# This appears to be in direct violation of Carmichael's theorem.

1. Mar 20, 2014

### Whovian

In an attempt to prove a statement about the residues of a certain sequence mod $10^n$, I've derived something which seems to be in direct violation of Carmichael's theorem. Of course, this can't be right, so can someone either explain what bit of my reasoning is wrong or why this isn't in violation of Carmichael's Theorem? First of all, let $\lambda$ be the Carmichael function, and let $k$ be coprime to 2 and 5.

First of all, notice that, by Euler's theorem, $k^{4\cdot 5^{n-1}}\equiv1\pmod{5^n}$ and $k^{2^{n-1}}\equiv1\pmod{2^n}$. This makes it clear by induction that $a\equiv b\pmod{4\cdot 5^{n-1}}\rightarrow k^a\equiv k^b\pmod{5^n}$ and $a\equiv b\pmod{2^{n-1}}\rightarrow k^a\equiv k^b\pmod{2^n}$.

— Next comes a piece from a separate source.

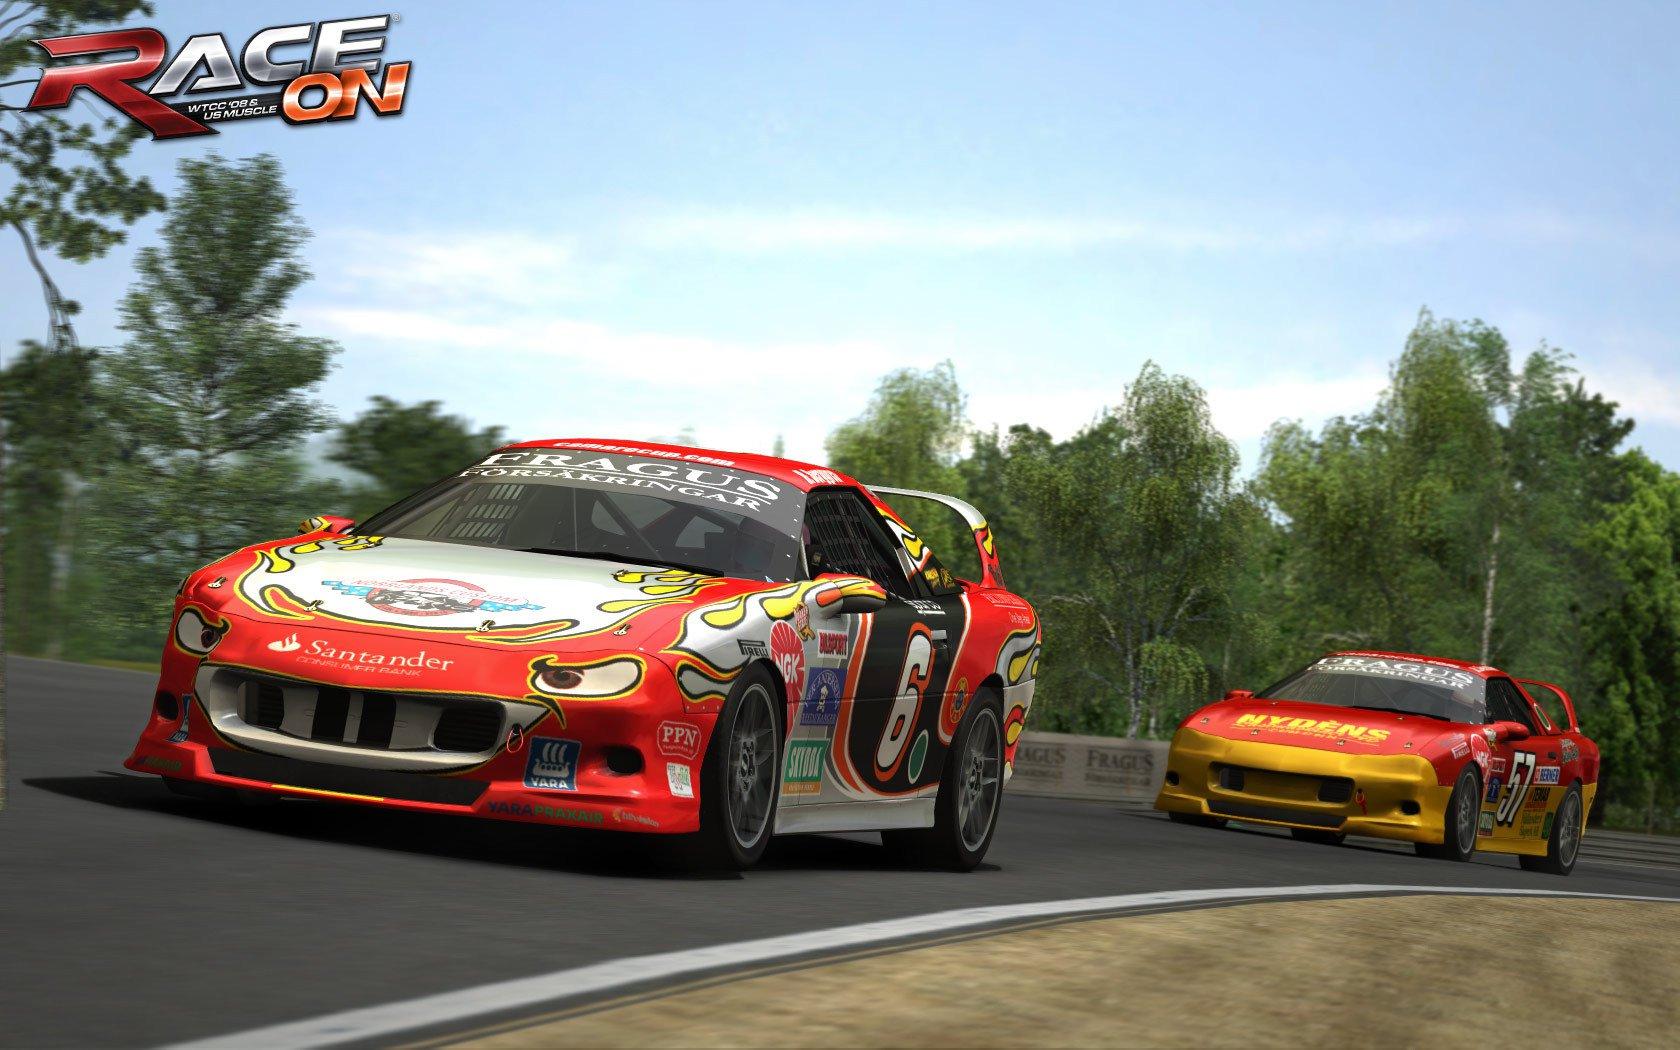 RACE On 21

Let $n\ge2$ and $a\equiv b\pmod{10^n}$. Then, as $\left.2^{n-1},4\cdot 5^{n-1}\right|10^n$, $a\equiv b\pmod2^{n-1}$ and $a\equiv b\pmod5^{n-1}$, so $k^a\equiv k^b\pmod{2^n}$ and $k^a\equiv k^b\pmod{5^n}$. Therefore $k^a\equiv k^b\pmod{\mathrm{lcm}\left(2^n,5^n\right)}$, so $k^a\equiv k^b\pmod{10^n}$.

Letting $a=10^n$ and $b=0$, we get $k^{10^n}\equiv k^0=1\pmod{10^n}$.

As this holds for all $k$ coprime to $10^n$, this means $\left.\lambda\left(10^n\right)\right|10^n$. (This should be obvious enough; I should be able to provide a proof if necessary.) However, as $10^n$ is not a power of 2, Carmichael's theorem tells us that $\lambda\left(10^n\right)=\varphi\left(10^n\right)=4\cdot 10^{n-1}$, which doesn't divide $10^n$.

Anyone know what's wrong here?

2. Mar 20, 2014

### gopher_p

According to Wikipedia, for $n\geq4$ $$\lambda(10^n)=\text{lcm}\left(\lambda(2^n), \lambda(5^n)\right)=\text{lcm}\left(\frac{1}{2}\varphi(2^n), \varphi(5^n)\right)=\ldots=5\cdot10^{n-2},$$ and everything is right with the universe?

3. Mar 24, 2014

### Whovian

Ah. "A power of an odd prime, twice the power of an odd prime, and for 2 and 4."

*Collides hand with forehead to indicate frustration with self*